Strategies to measure and improve emergency department performance: a scoping review

Elizabeth E Austin, Brette Blakely, Catalin Tufanaru, Amanda Selwood, Jeffrey Braithwaite, Robyn Clay-Williams, Elizabeth E Austin, Brette Blakely, Catalin Tufanaru, Amanda Selwood, Jeffrey Braithwaite, Robyn Clay-Williams

Abstract

Background: Over the last two decades, Emergency Department (ED) crowding has become an increasingly common occurrence worldwide. Crowding is a complex and challenging issue that affects EDs' capacity to provide safe, timely and quality care. This review aims to map the research evidence provided by reviews to improve ED performance.

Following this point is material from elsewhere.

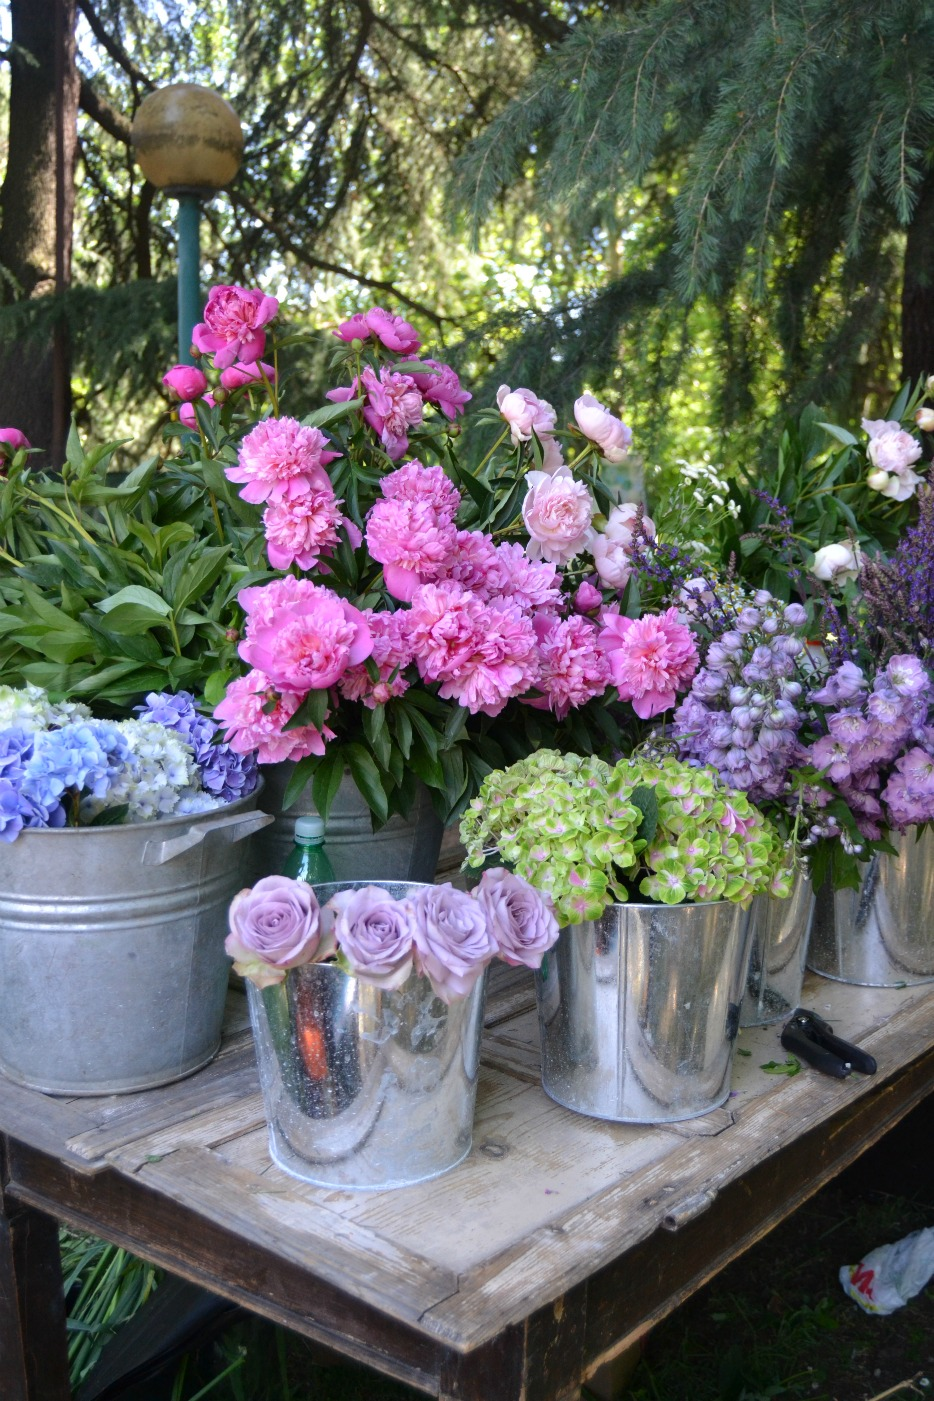 Cream life terrazze e giardini i fiori for Terrazze e giardini

Methods and findings: We performed a scoping review, searching Cochrane Database of Systematic Reviews, Scopus, EMBASE, CINAHL and PubMed (from inception to July 9, 2019; prospectively registered in Open Science Framework https://osf.io/gkq4t/). Eligibility criteria were: (1) review of primary research studies, published in English; (2) discusses a) how performance is measured in the ED, b) interventions used to improve ED performance and their characteristics, c) the role(s) of patients in improving ED performance, and d) the outcomes attributed to interventions used to improve ED performance; (3) focuses on a hospital ED context in any country or healthcare system. Pairs of reviewers independently screened studies' titles, abstracts, and full-texts for inclusion according to pre-established criteria. Discrepancies were resolved via discussion. Independent reviewers extracted data using a tool specifically designed for the review. Pairs of independent reviewers explored the quality of included reviews using the Risk of Bias in Systematic Reviews tool. Narrative synthesis was performed on the 77 included reviews. Three reviews identified 202 individual indicators of ED performance. Seventy-four reviews reported 38 different interventions to improve ED performance: 27 interventions describing changes to practice and process (e.g., triage, care transitions, technology), and a further nine interventions describing changes to team composition (e.g., advanced nursing roles, scribes, pharmacy). Two reviews reported on two interventions addressing the role of patients in ED performance, supporting patients' decisions and providing education. The outcomes attributed to interventions used to improve ED performance were categorised into five key domains: time, proportion, process, cost, and clinical outcomes. Few interventions reported outcomes across all five outcome domains.

Conclusions: ED performance measurement is complex, involving automated information technology mechanisms and manual data collection, reflecting the multifaceted nature of ED care. Interventions to improve ED performance address a broad range of ED processes and disciplines.

Keywords: Length of stay; Observation units; Patient satisfaction; Point-of-care testing; Process re-design; Wait-time.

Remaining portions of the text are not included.